*** Opening of Raw data ***
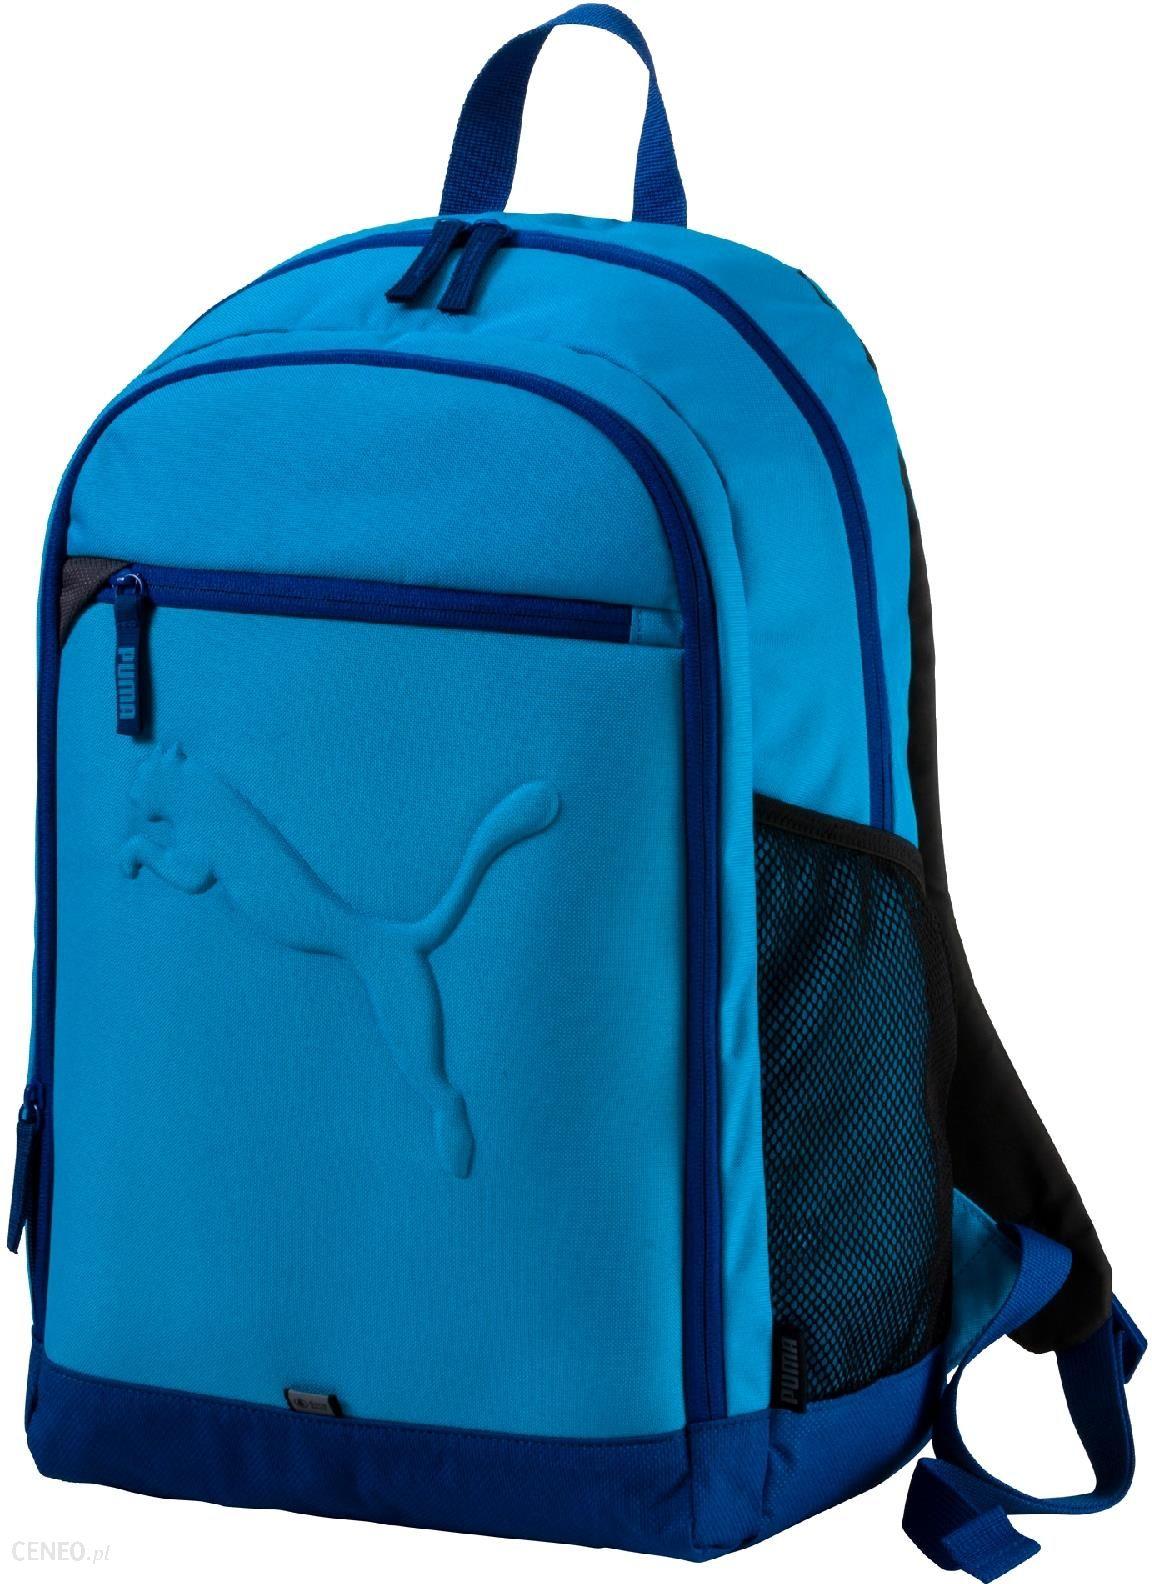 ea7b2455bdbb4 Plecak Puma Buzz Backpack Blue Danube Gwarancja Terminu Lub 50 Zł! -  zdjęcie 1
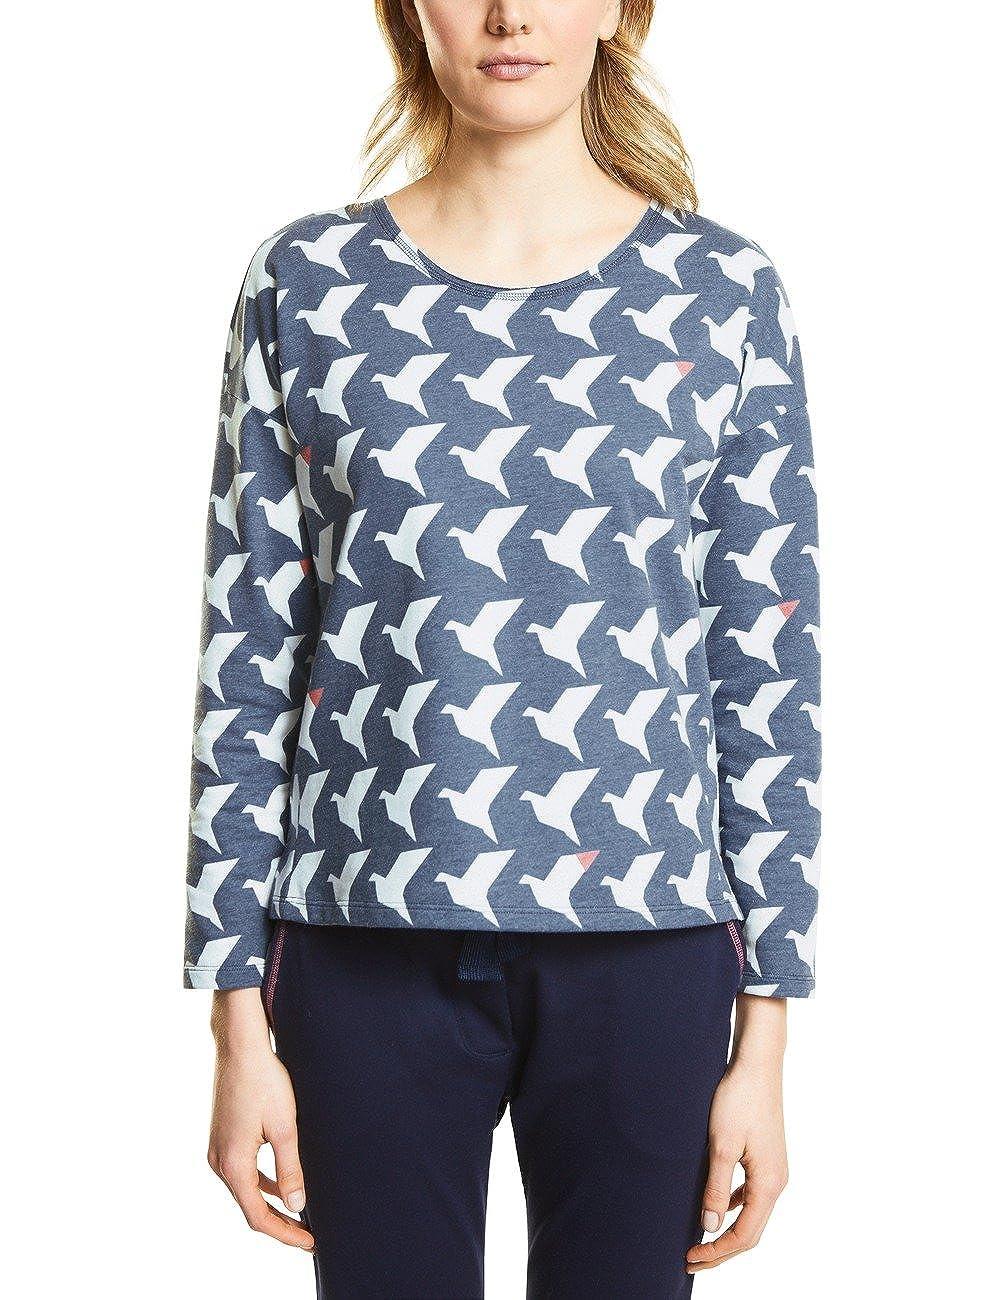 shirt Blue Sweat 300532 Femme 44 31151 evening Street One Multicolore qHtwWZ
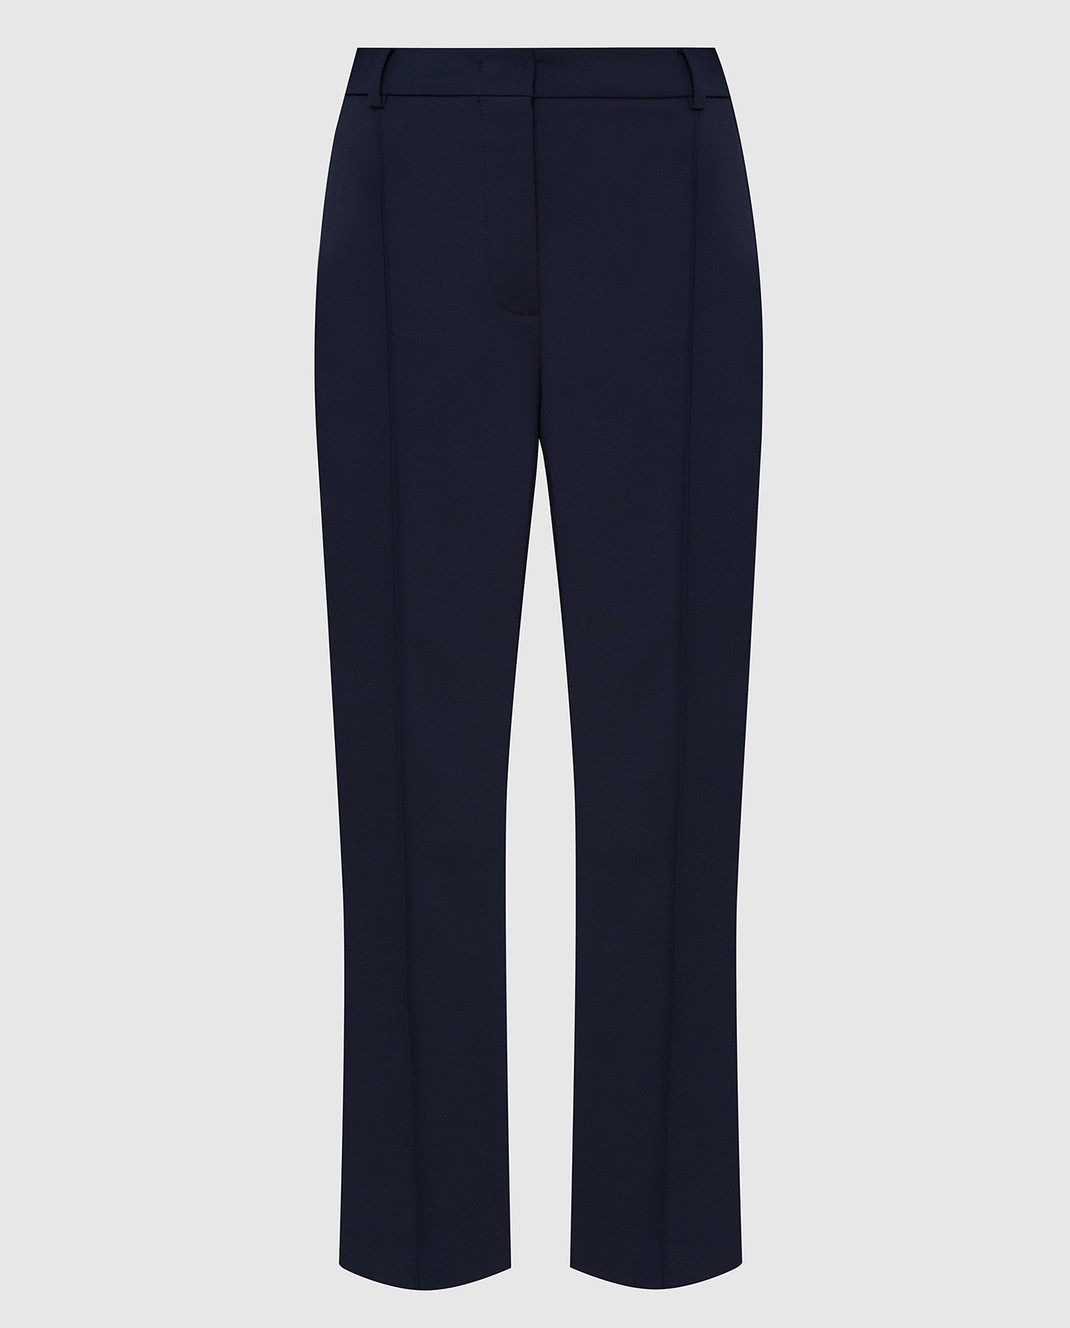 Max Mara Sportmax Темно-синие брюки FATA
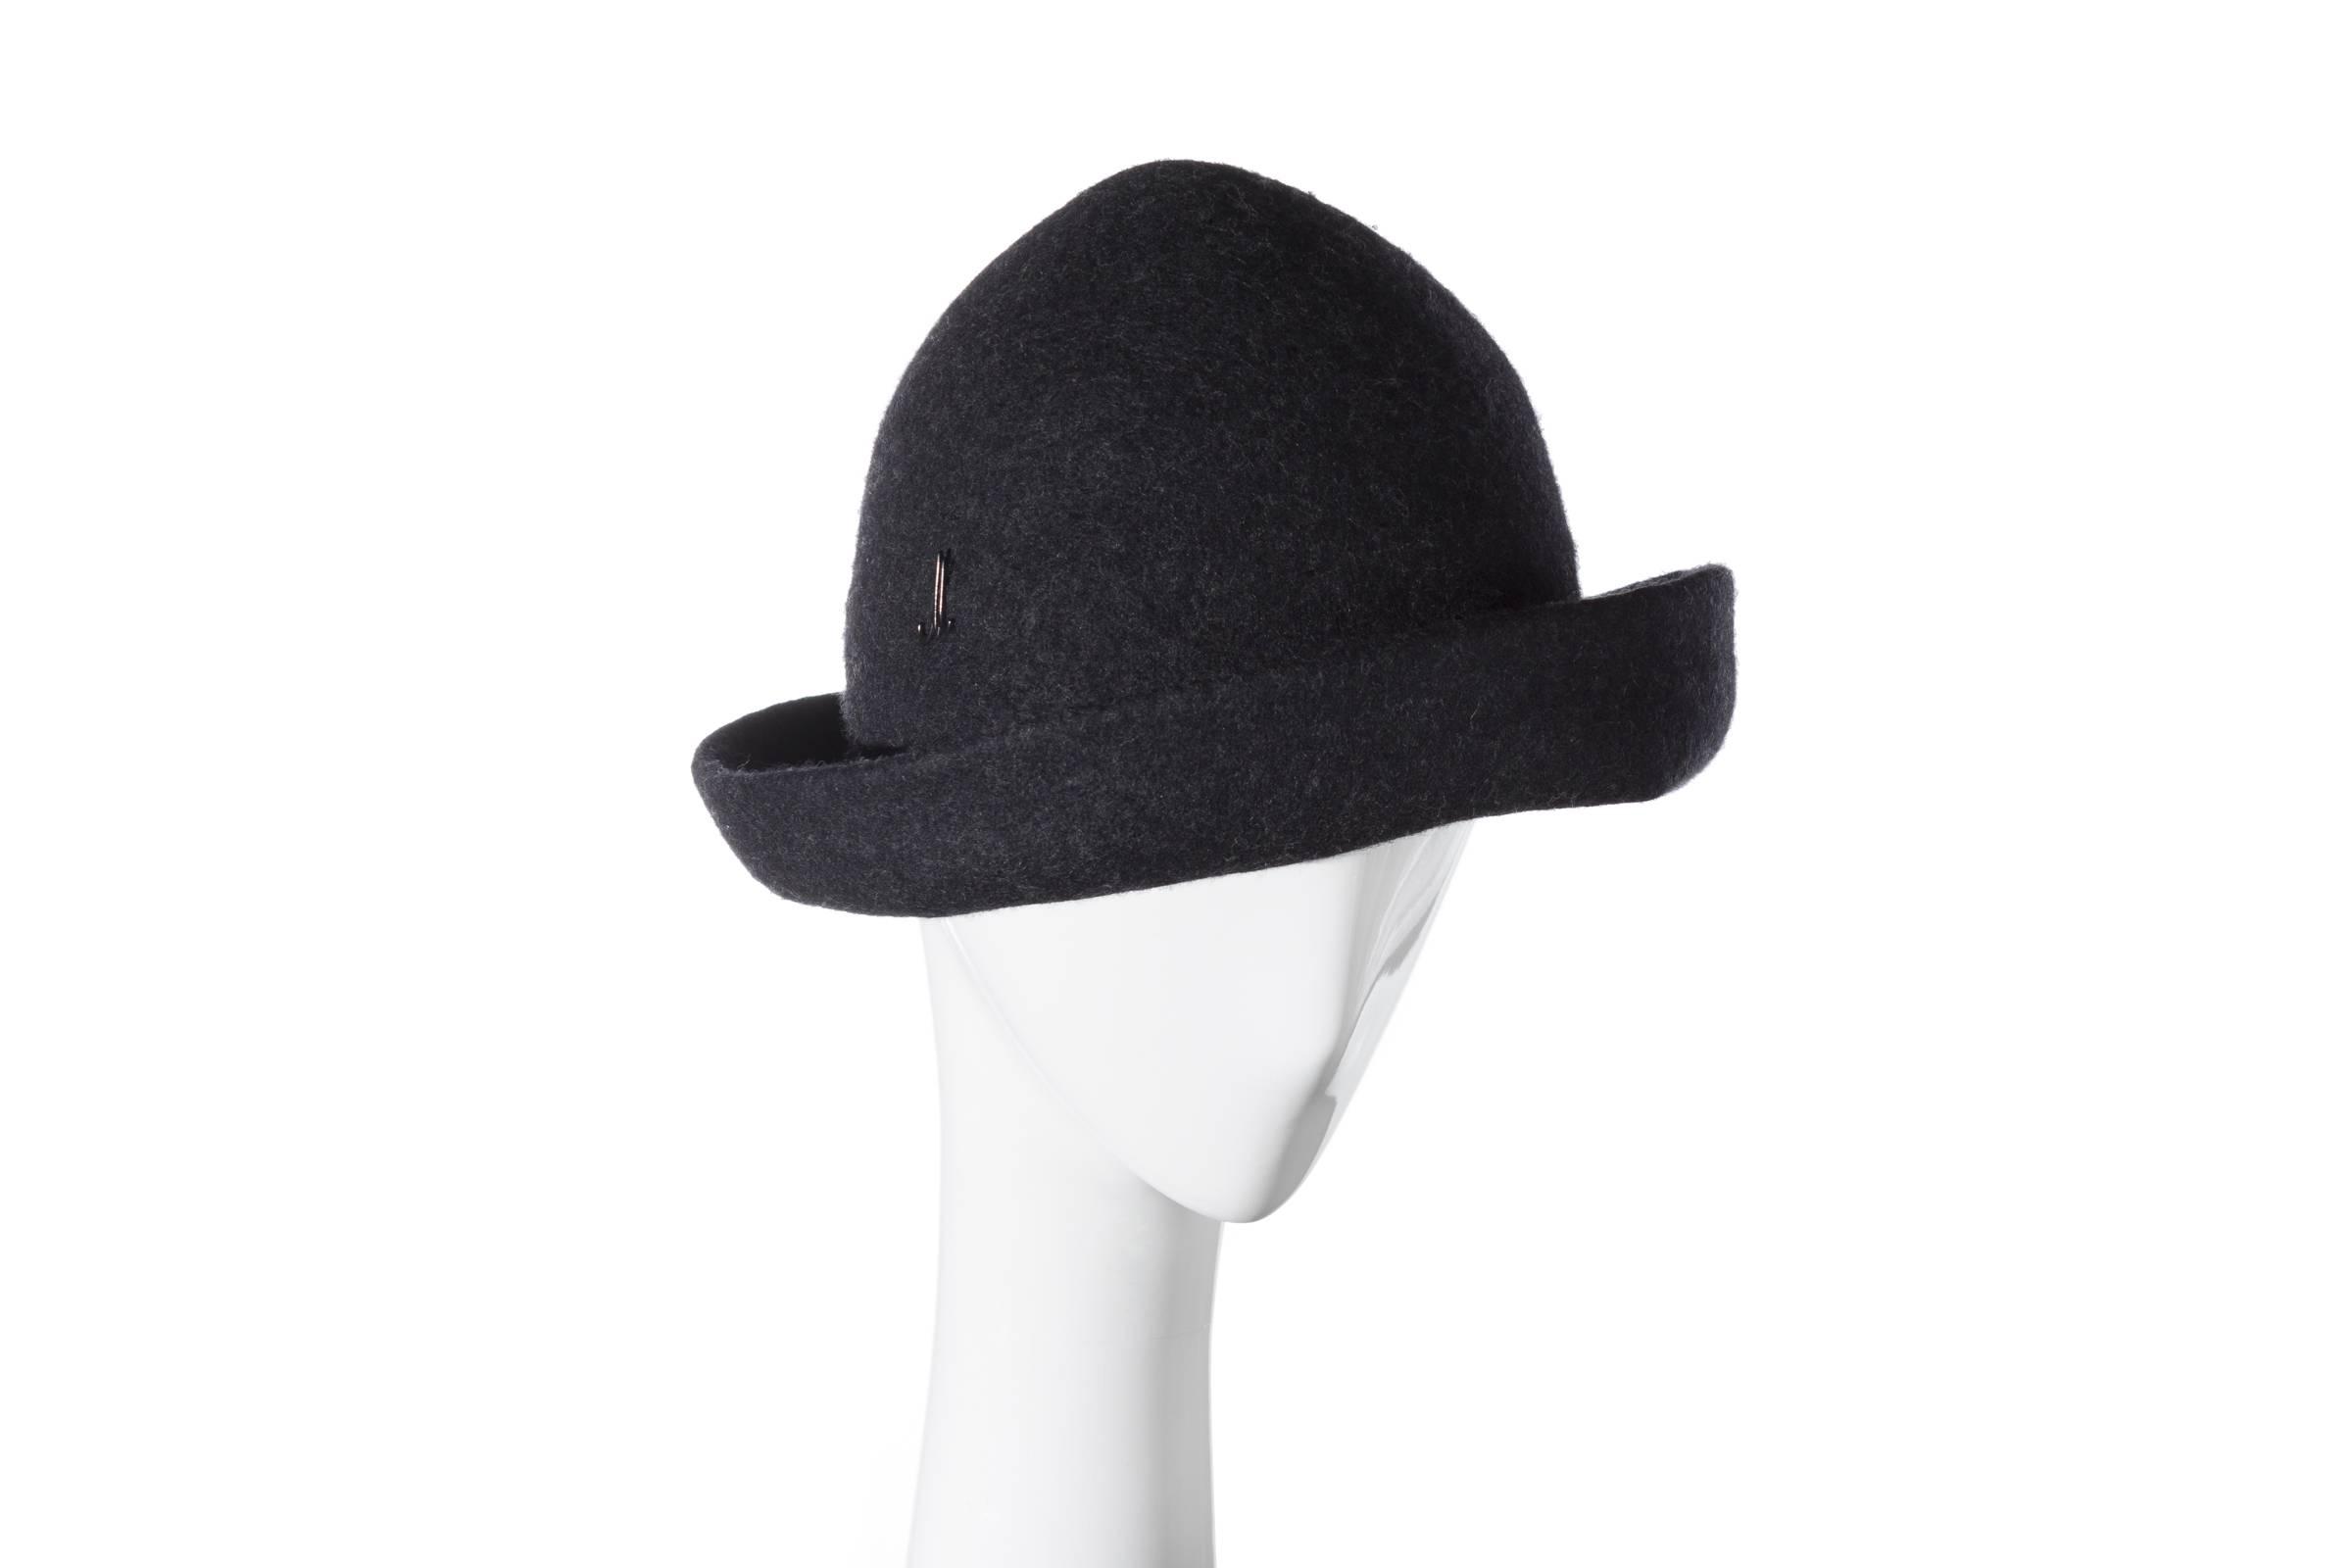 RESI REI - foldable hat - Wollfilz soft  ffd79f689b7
*** Close of Raw data ***
# What to produce:
Could you retype exactly the lines running from the one with "Max Mara Sportmax Темно-синие брюки FATA" to the end of the material above, pictures omitted?

# Written reply:
 Max Mara Sportmax Темно-синие брюки FATA
 RESI REI - foldable hat - Wollfilz soft  ffd79f689b7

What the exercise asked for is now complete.